Adjust the path containing the XML file ("IX_BASIC_DATAGROUP.data" in this example) accordingly.
The "next" method is then adapted to convert the values from the buffer to the actual data type. In this example the correct Java data types can be found in the XML file itself, the data type of each data field is specified in the schema section.
With this method that the XML file is initially loaded to the cache in its entirety and then processed afterwards. This can lead to a buffer overflow when using large files, this is why a more specialized method should be used in this case.
Save the script by clicking on "OK" and then click "Next".
Select the destination for the import here and click "Next".
Select the data group into which the data is to be imported here.
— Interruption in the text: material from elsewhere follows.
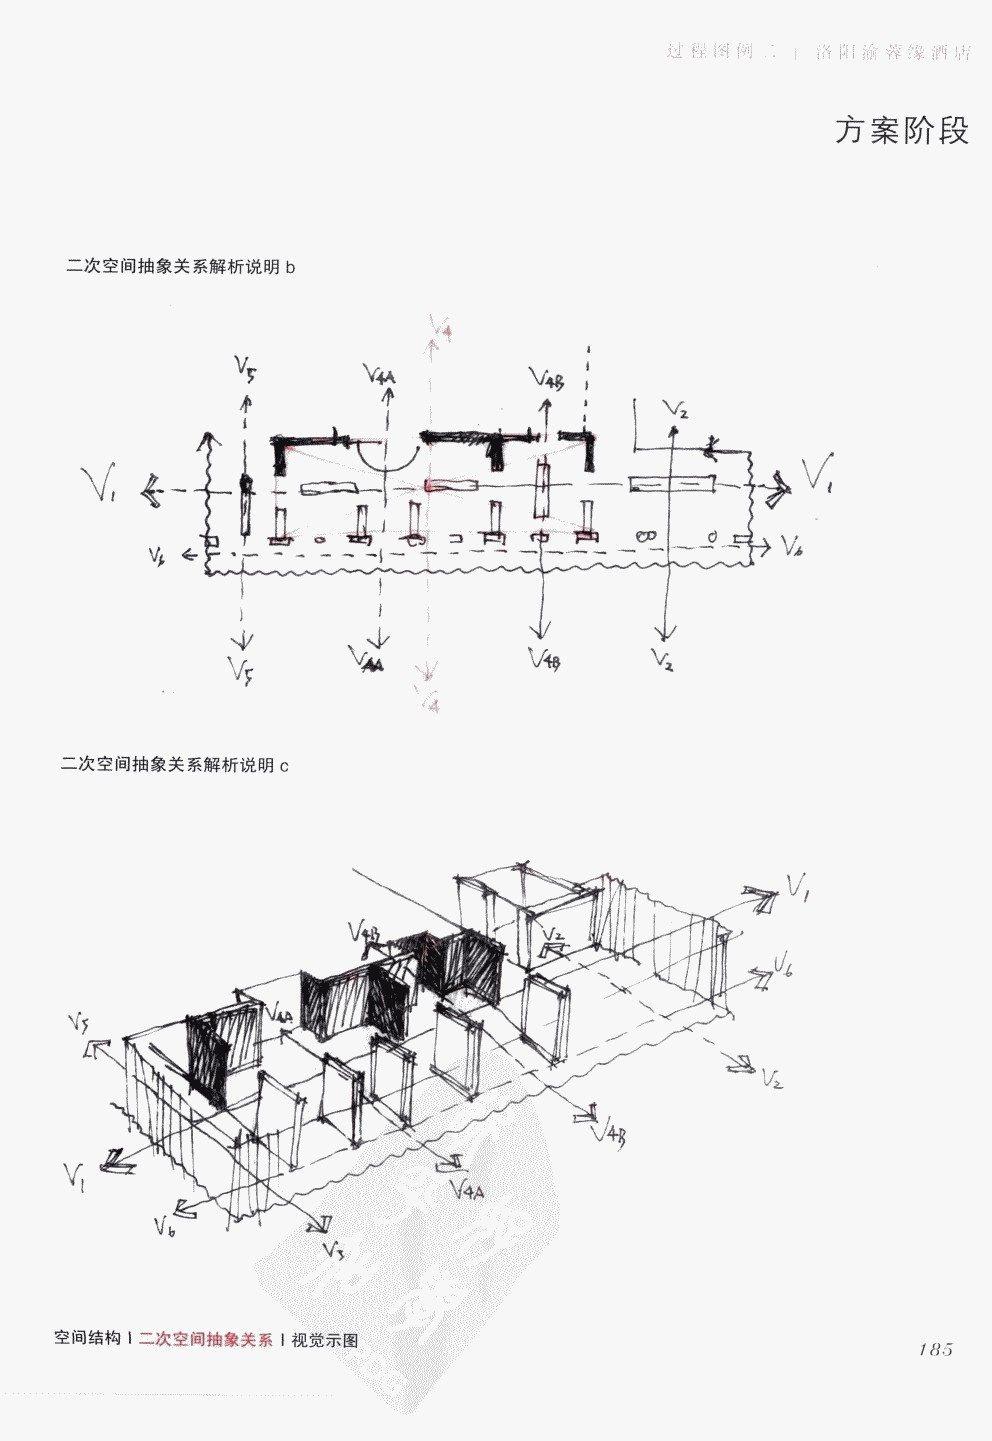 室内设计纲要++概念思考与过程表达_室内设计纲要  概念思考与过程表达_1297982..._页面_193.jpg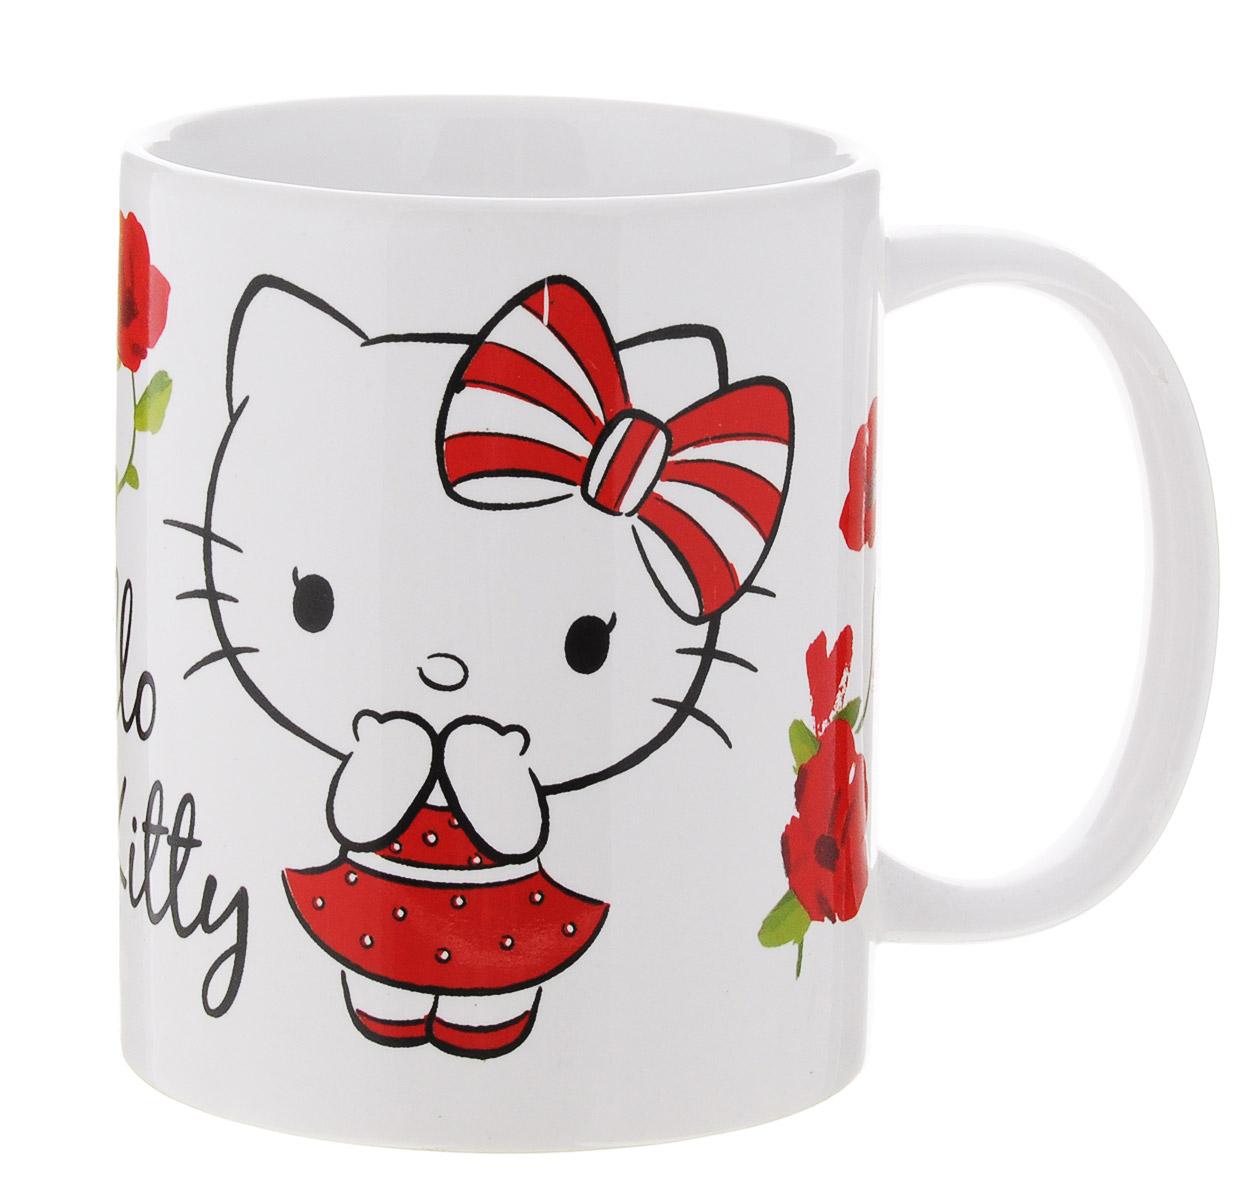 Hello Kitty Кружка детская 330 мл210307410Детская кружка Disney Hello Kitty с любимым героем станет отличным подарком для вашего ребенка. Она выполнена из керамики и оформлена изображением симпатичной кошечки Китти.Кружка дополнена удобной ручкой. Такой подарок станет не только приятным, но и практичным сувениром: кружка будет незаменимым атрибутом чаепития, а оригинальное оформление кружки добавит ярких эмоций и хорошего настроения.Можно использовать в СВЧ-печи и посудомоечной машине.

Click "Next".
Finally, the data needs to be transformed. To do this, the setting "Use transformation if supported" must be set here. Click "Next".
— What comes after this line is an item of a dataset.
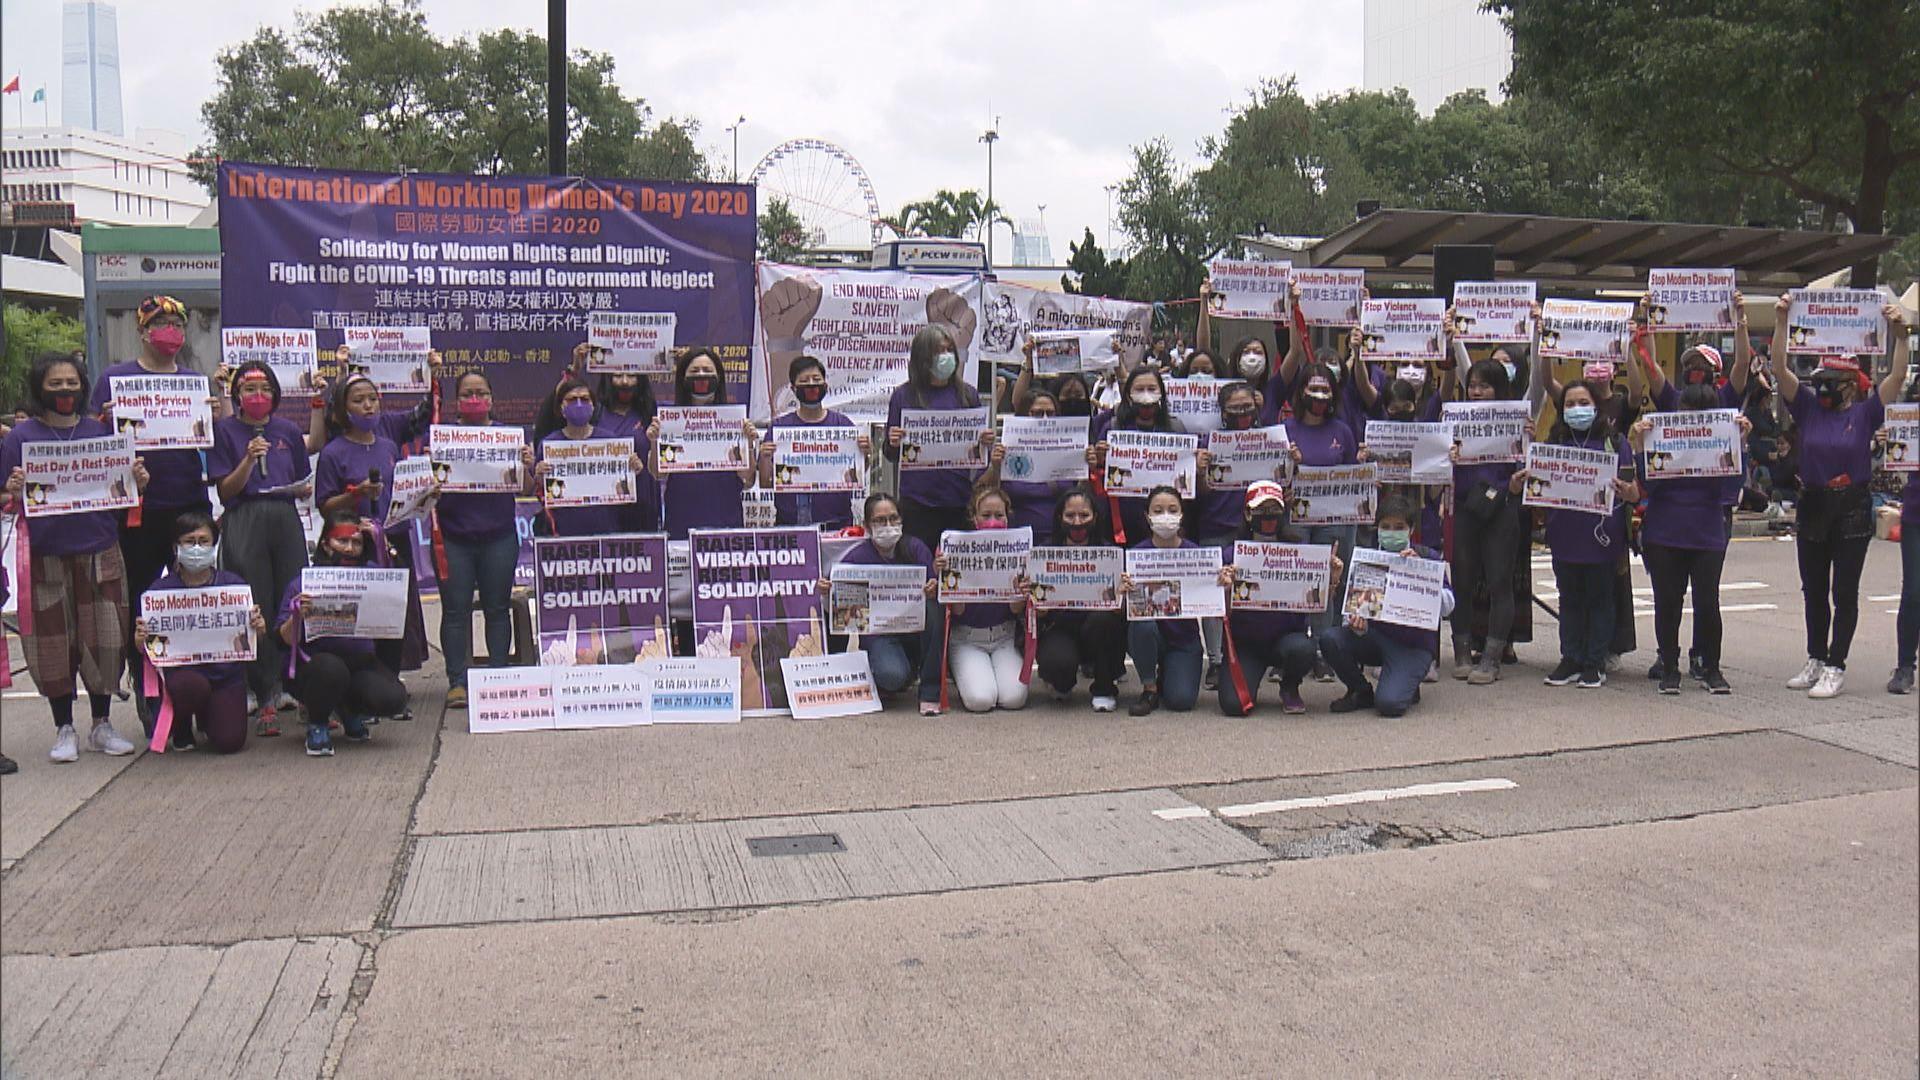 團體三八婦女節集會促關注外傭及婦女權益

Now the Groovy script for the transformation is still needed. Open the Intrexx Editor.
The wizard for creating the data transfer has already adjusted the field for transformation accordingly so that a Groovy script can now be specified here as well. The transformation assigns data fields from the source to the data fields in the target. If custom IDs are required during import, this is the place where they can be created and assigned to the ID field.
This is not necessary in this example. The source and target fields can simply be assigned accordingly. Replace the script that is already present with the one below:
g_destination.setValue("dtedit", g_source.getValue("dtedit"))
g_destination.setValue("luserid", g_source.getValue("luserid"))
g_destination.setValue("dtinsert", g_source.getValue("dtinsert"))
g_destination.setValue("luseridinsert", g_source.getValue("luseridinsert"))
g_destination.setValue("strid", g_source.getValue("strid"))
g_destination.setValue("str_title", g_source.getValue("str_title"))
Please check the upper/lower case in the Groovy script if data is not transferred. Depending on the server type, case sensitivity may need to be considered in the formulation of both the source and the transformation.